Because many benefits of active are not quantifiable, its advocates struggle to make their case. In seeking an active manager, we need to avoid the bad arguments.

Arguments from innumeracy discount the key arithmetic of active management. These arguments use data to “prove” successful performance of a population or class of active managers or of the behavior of passive in certain market environments. Arguments have been made that active outperforms in down markets, providing protection when the market crashes, or that active outperforms in periods when value (or growth) outperforms, or that active value managers outperform but that growth managers do not.

Arguments from lack of information claim that passive is blind, insightless, or mediocre. These deny that market prices encapsulate the consensus information and opinion of a large number of informed participants.

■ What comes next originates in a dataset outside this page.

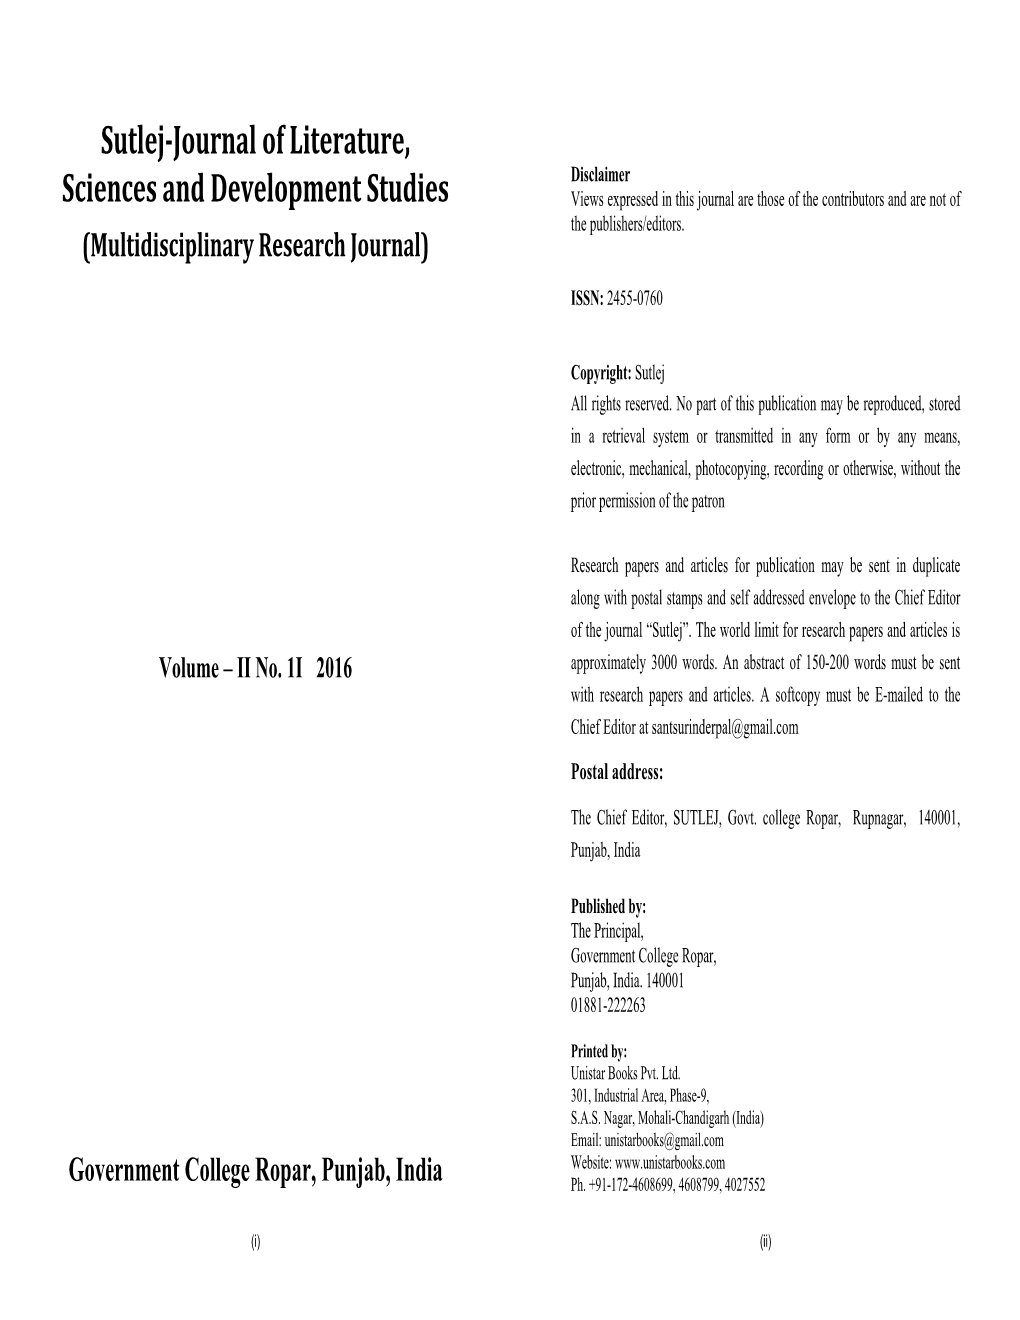 Sutlej-Journal of Literature, Sciences and Development Studies

Arguments from mean-variance inefficiency express a dislike for the average nature of indexing by proposing another benchmark that is in some way better. They argue, for example, that the market average is not a good place to be, or that market diversification can be improved. A subset are arguments against cap-weighting. Individual active managers often overweight small names at the expense of large names, and their excess performance is negatively correlated with that of large-cap stocks. But these are active notions and need to be justified independently of the active/passive decision.

And then there are arguments that are actually red herrings. There are criticisms of specific index definitions that proceed to the false conclusion that passive is therefore flawed as a strategy. For example, the S&P 500 index has been criticized as posing difficulties, since as a popular subset of the whole market, some exploit its changes and thus affect the movement of its component price. And some active advocates complain that the index is not a good measurement criterion, that their performance should be measured against some other benchmark.

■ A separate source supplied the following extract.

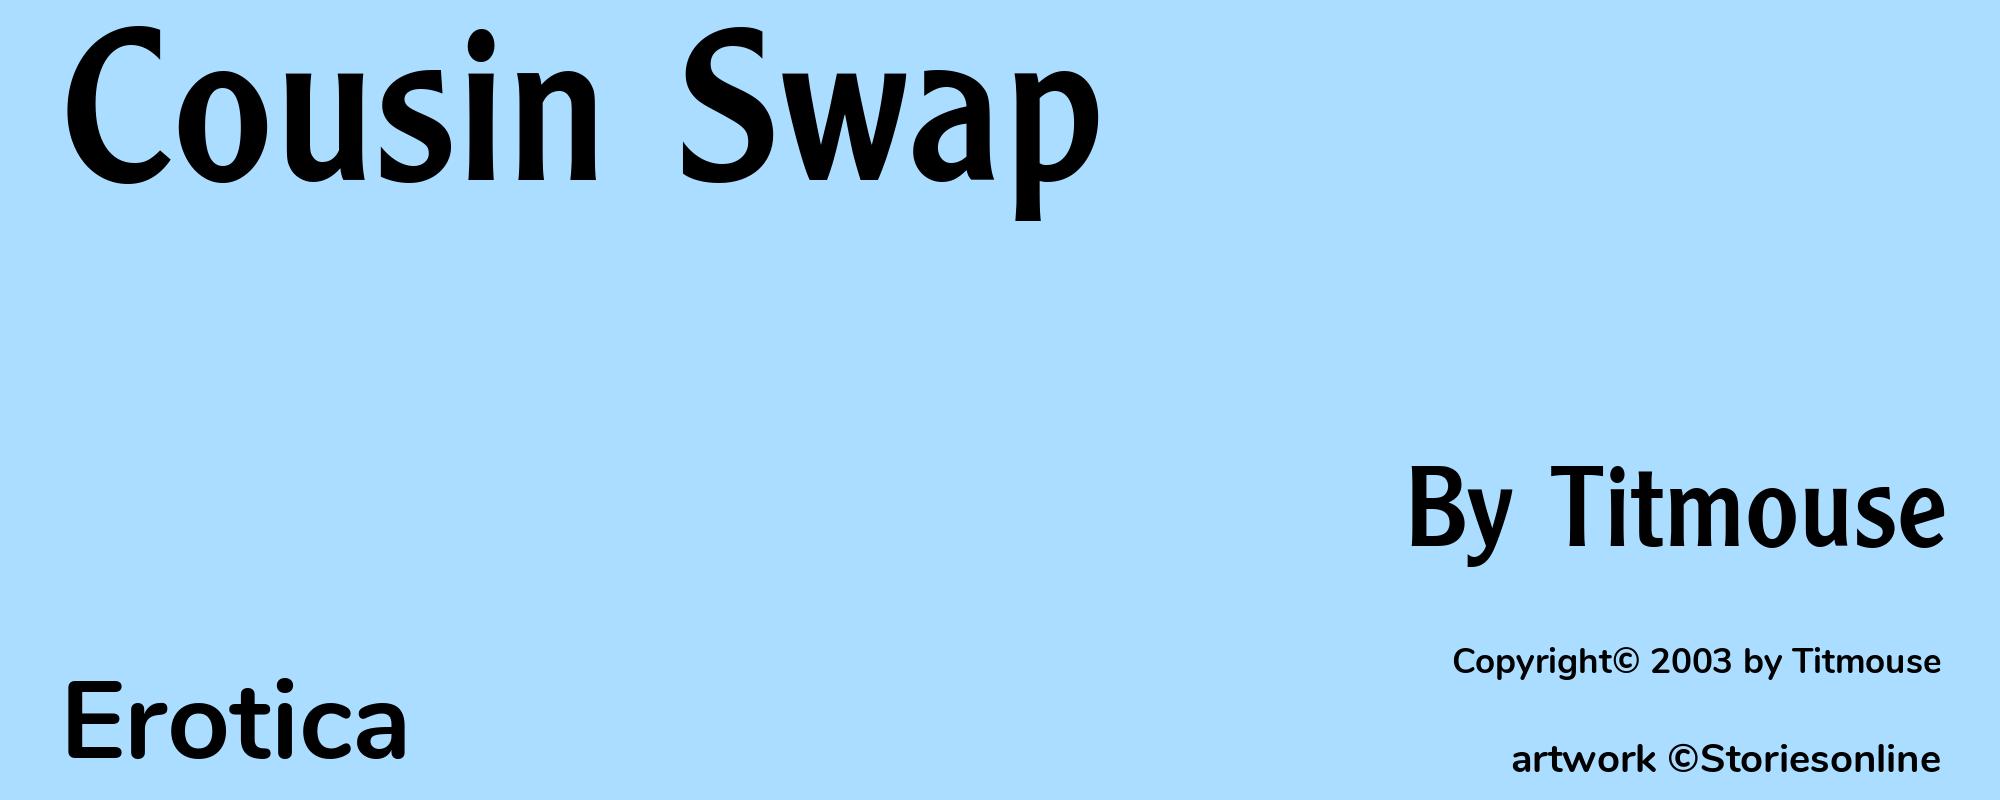 Cousin Swap - Cover

Finally, when appeals to reason fail, there are emotive arguments that criticize passive as a fad, a cop-out, or even anti-American. While there are many good arguments for active, these are not among them.

Wheat Among the Chaff

Many of these arguments contain an implicit plea: I am not average, and neither are you; I have good ideas and they are a better choice. Despite the obvious fallacies in these arguments, we can sometimes find a hidden truth. Calling the index “mediocre” expresses distrust of consensus prices. Complaints of index-relative performance measurement contain a valid kernel: the index benchmark does not evaluate the non-economic and psychological benefits that the active manager provides. If it is an American characteristic to express our independence and always seek the best, then even the anti-American argument may strike near the truth.

However, these bad arguments are disingenuous not least because they distract us from asking key questions of ourselves and of the managers. We should know our reasons for deciding to go active, what we expect to derive in performance and other benefits, and the costs of doing so.

Active management is difficult, and the decision to choose a particular manager needs to be made with care. In interviewing an active manager, we should avoid a focus on past performance. To obtain superior investment returns, the manager should have and be able to clearly articulate an investment philosophy from which flows his superior value. The manager must be able to explain why he is better than the best active managers, not better than the average.

This is not to say that these questions are enough. In deciding to go active we need to do even more work: to evaluate the risks the manager will incur, to consider the investment process, costs, and to perform other duties of diligence.

Yet passive investing is also a difficult concept for many to accept. Its key drivers are a comfort with consensus prices, the difficulty in finding a skilled manager, and the high expense in doing so. We do not need to believe in efficient markets to go passive.

In the end, our question has no general answer; there is a place for both active and passive management. Each must answer the question for ourselves, being honest about our needs and our preferences.